Frank Gleason shook his head.

“Yes, yes, very plausible—to say, of course. I see she’s talked you over. She did me. I was ready to pull the moon down for her footstool that first night she came to me. I’m ready to do it now—when I’m with her. But away from her, with a chance to think, —it really is absurd, you know, when you come right down to it. Here are Burke and his father, my good friends, hunting the country over for Burke’s wife and child. And here am I, harboring her and abetting her, and never opening my head. Really, it’s the sort of thing that you’d say—er—couldn’t happen, you know.”

“But it is happening; and so far as their finding her is concerned, you said yourself, long ago, that it was the safest hiding-place in the world, for they’d never think of looking in it. They’ve never been in the habit of coming here, and their friends don’t know us. As for the servants, and the few of my friends who see her, she’s merely Mrs. Darling. That’s all. Besides, you’re entirely leaving out of consideration Helen’s own attitude in the matter. I haven’t a doubt but that, if you did tell, she’d at least attempt to carry out her crazy threats of flight and oblivion. Really, Frank, so far as being a friend is concerned, you’re being the truest friend, both to Burke and his father, and to Helen, by keeping her and protecting her from herself and others—to say nothing of the real help I hope I’m being to her.”

“I know, I know,” sighed the man, thrusting his hands into his pockets, and scowling at the toe of his shoe. “You ‘re a brick, Edith! It’s been simply marvelous to me—the way you’ve taken hold. Even that first awful Sunday morning last July, when I showed you what I’d brought you, didn’t quite bowl you over.”

“It did almost,” laughed Edith; “especially when she blurted out that alarming speech, after you’d told me who she was.”

“What did she say? I don’t remember.”

“She said, tragically, frenziedly: ‘Oh, Mrs. Thayer, you will help me, won’t you?—to be swell and grand and know things, so’s Burke won’t be ashamed of me. And if you can’t make me so, you will Baby, won’t you? I’ll do anything—everything you say.

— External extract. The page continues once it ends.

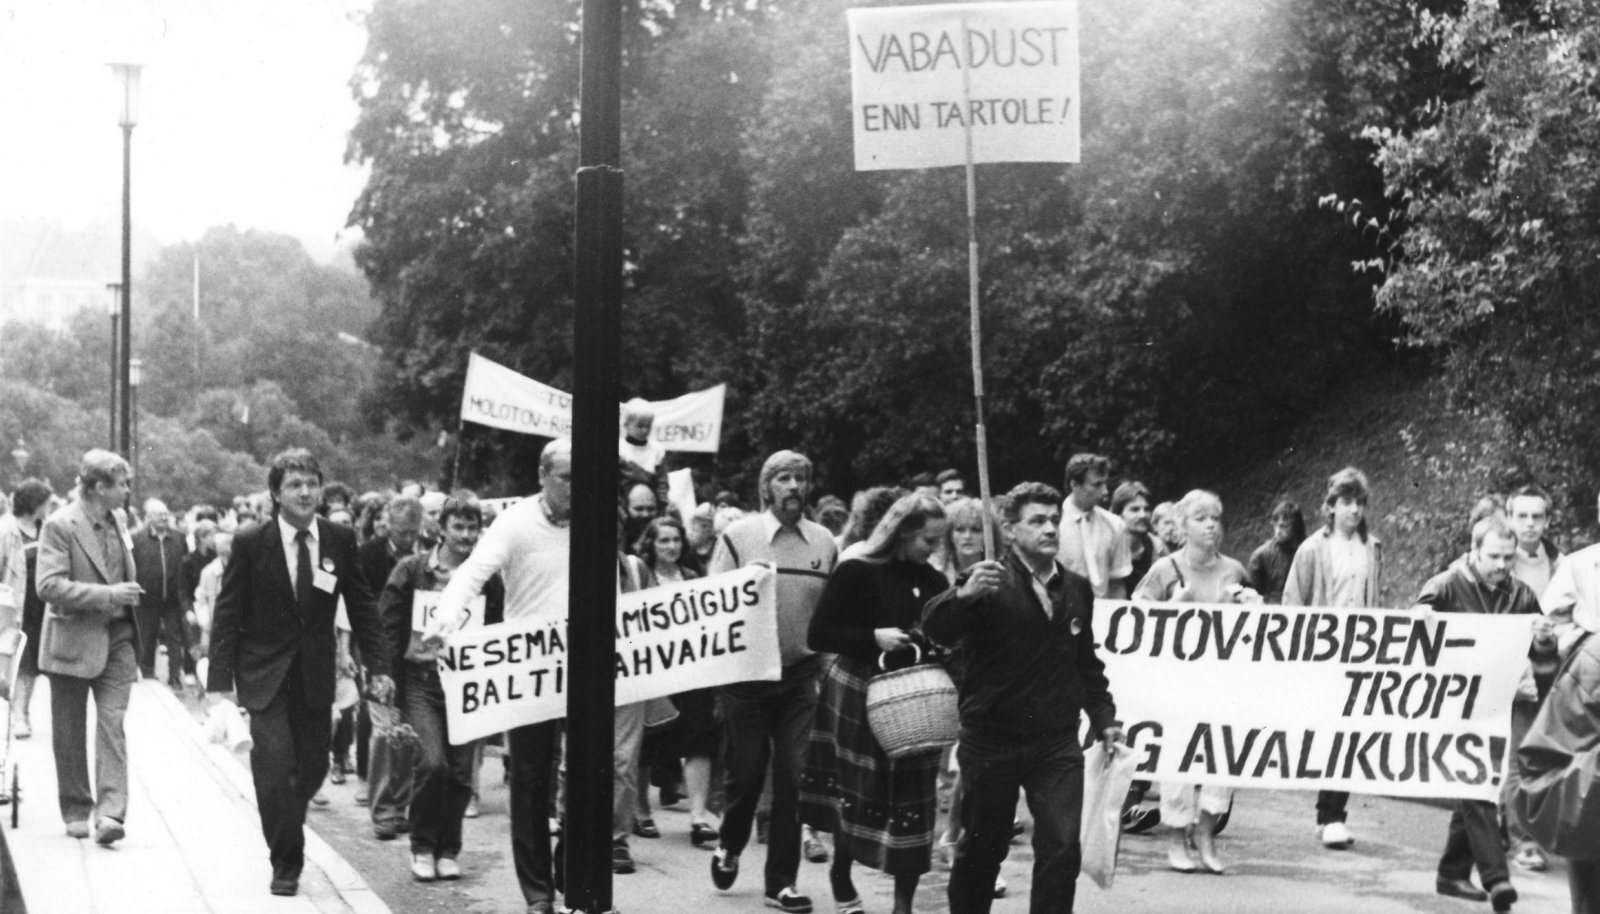 Rongkäik Hirveparki 1987. a 23. augustil. https://objektiiv.ee

Oh, please say you will. I know you’re Burke’s kind of folks, just to look at you, and at this—the house, and all these swell fixings! You will, won’t you? Oh, please say you will!’”

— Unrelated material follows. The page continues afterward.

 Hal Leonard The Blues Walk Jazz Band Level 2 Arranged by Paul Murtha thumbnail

“Gorry! Did she say that—all that?”

“Every bit of it—and more, that I can’t remember. You see, I couldn’t say anything—not anything, for a minute. And the more she said, the less I could say. Probably she saw something of the horror and dismay in my face, and that’s what made her so frenzied in her appeal.”

“No wonder you were struck dumb at her nerve and at mine in asking you to take her in,” laughed the doctor softly.

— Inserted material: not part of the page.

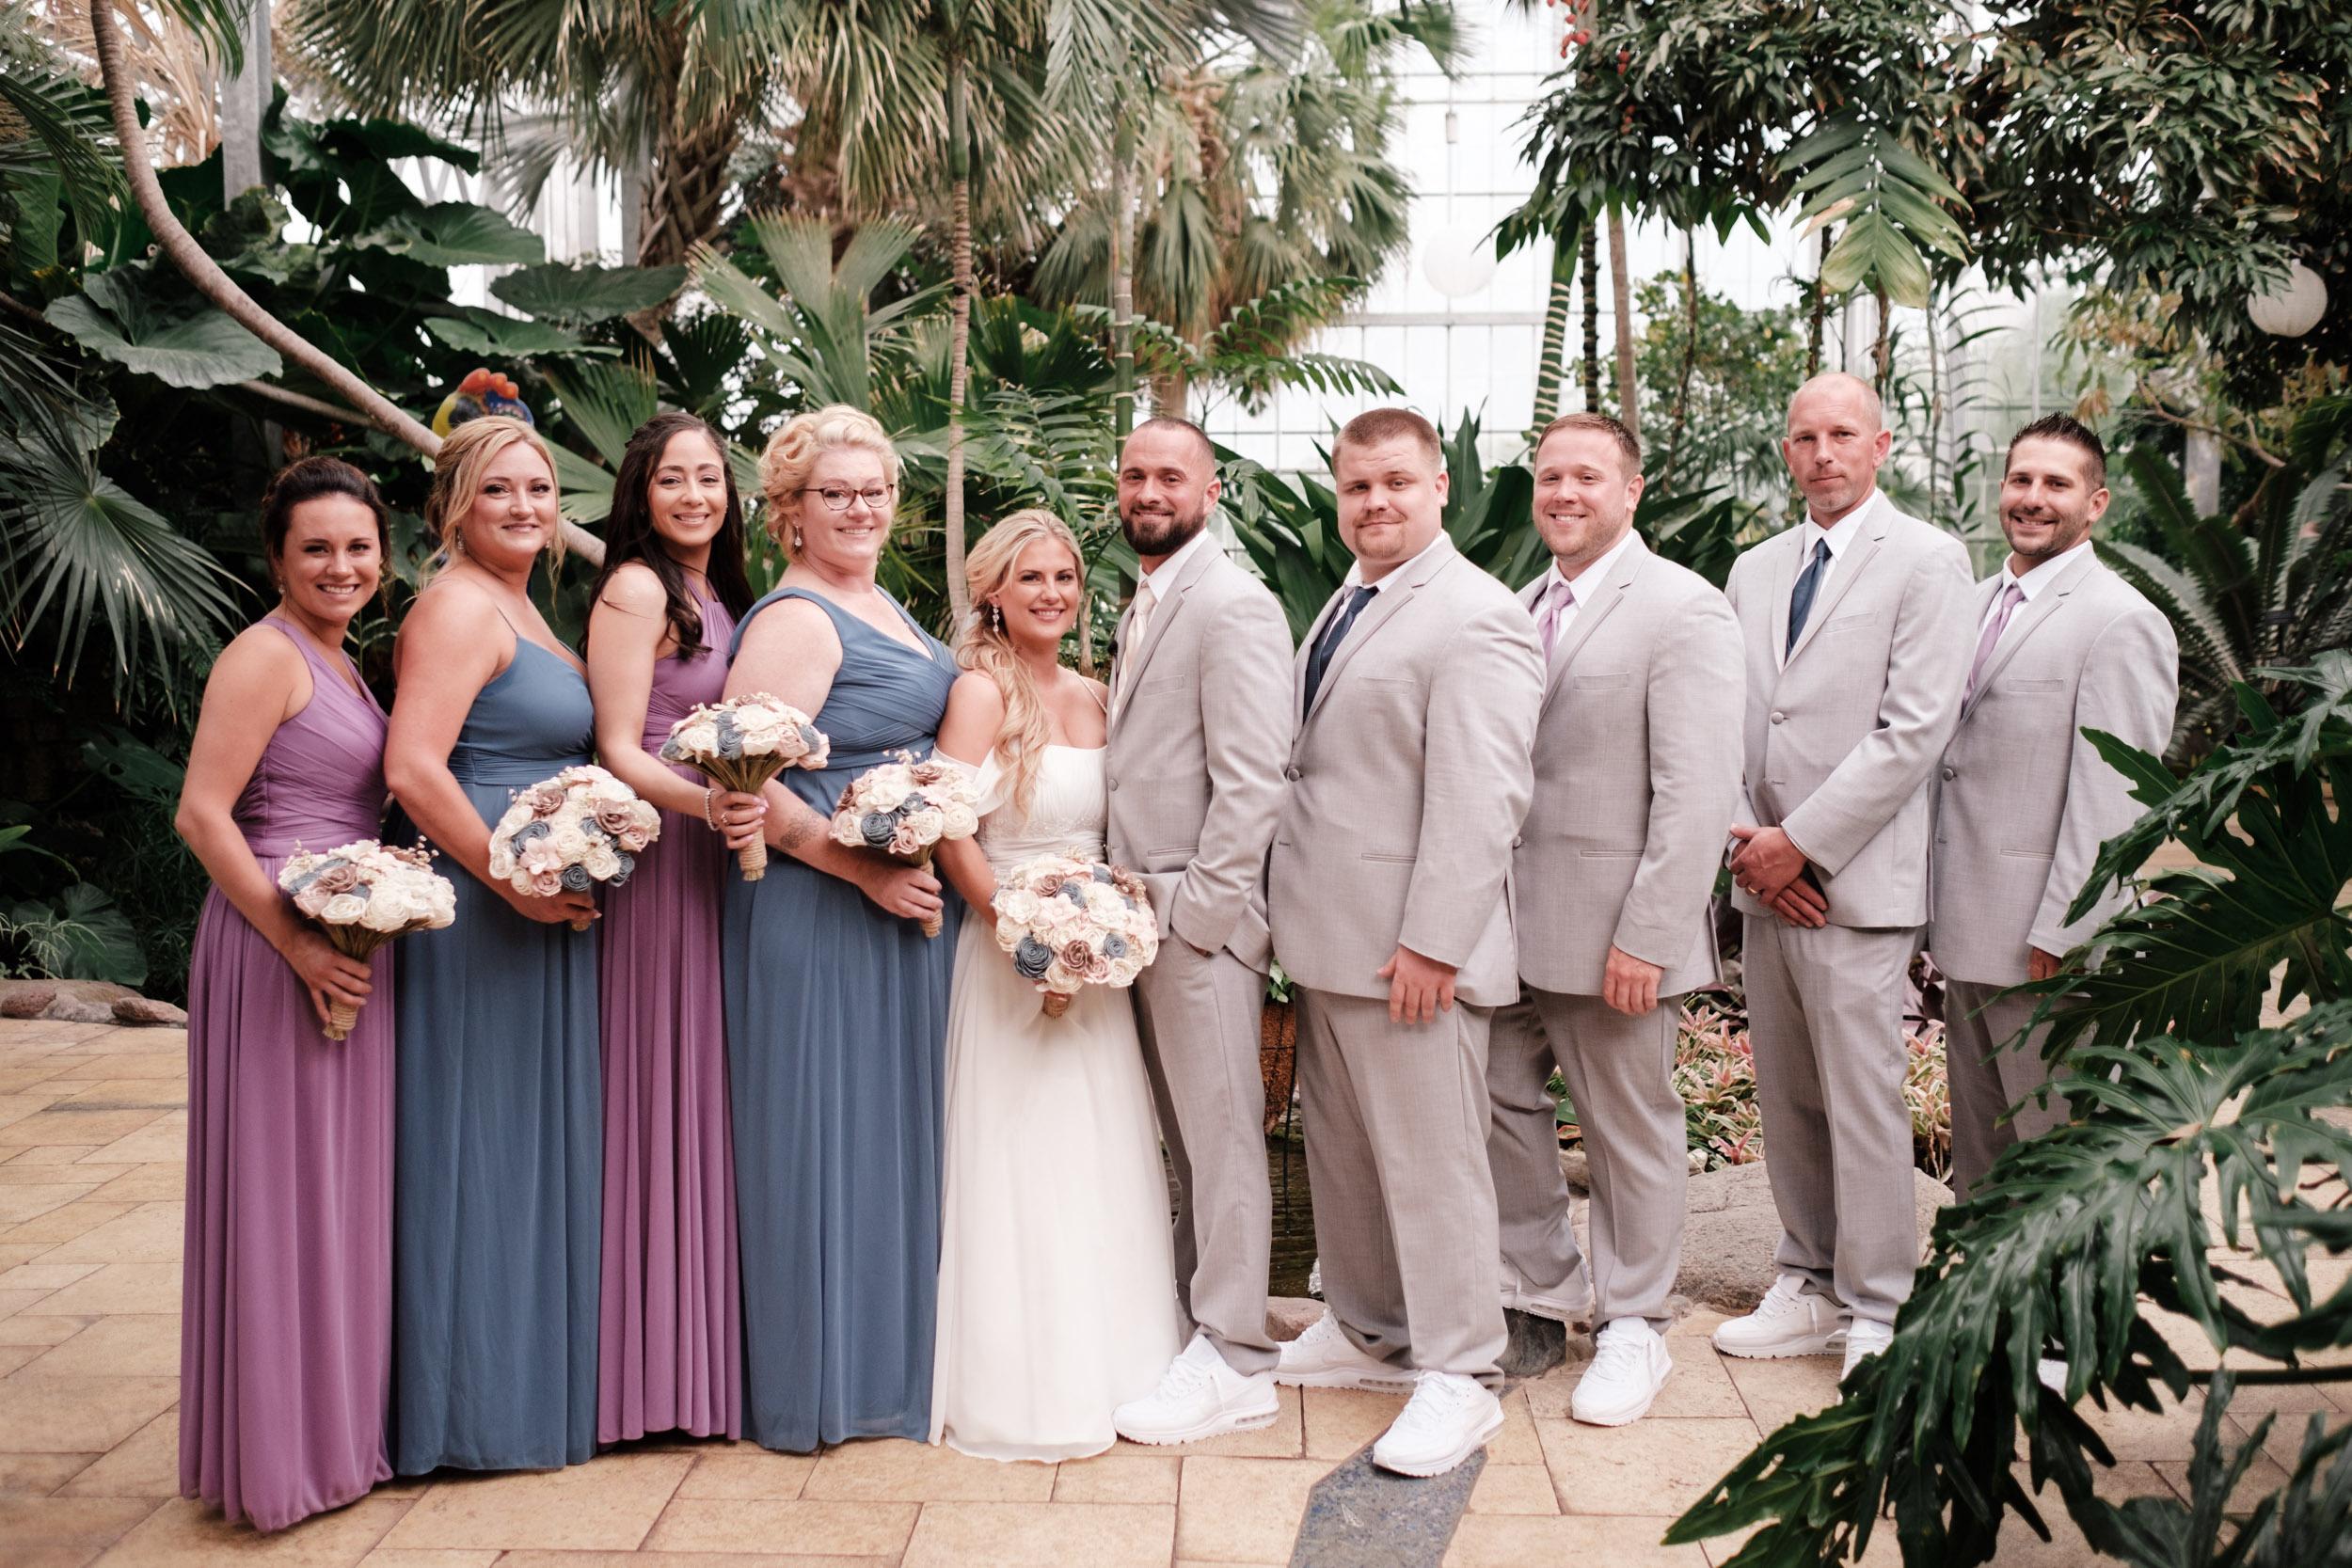 19-06-01 Megan Josh - Nicholas Conservatory Wedding-24.jpg

“Oh, but ‘twas for only a minute. I capitulated at once, first because of the baby—she was such a dear!—then because of the mother’s love for it. I thought I’d seen devotion, Frank, but never have I seen it like hers.”

“How is she doing, really, about—well, er—this private self-improvement association of hers?” The doctor’s smile was eager and quizzical. “I’ve been away so much, and I’ve seen so little of her for months past—how is she doing?”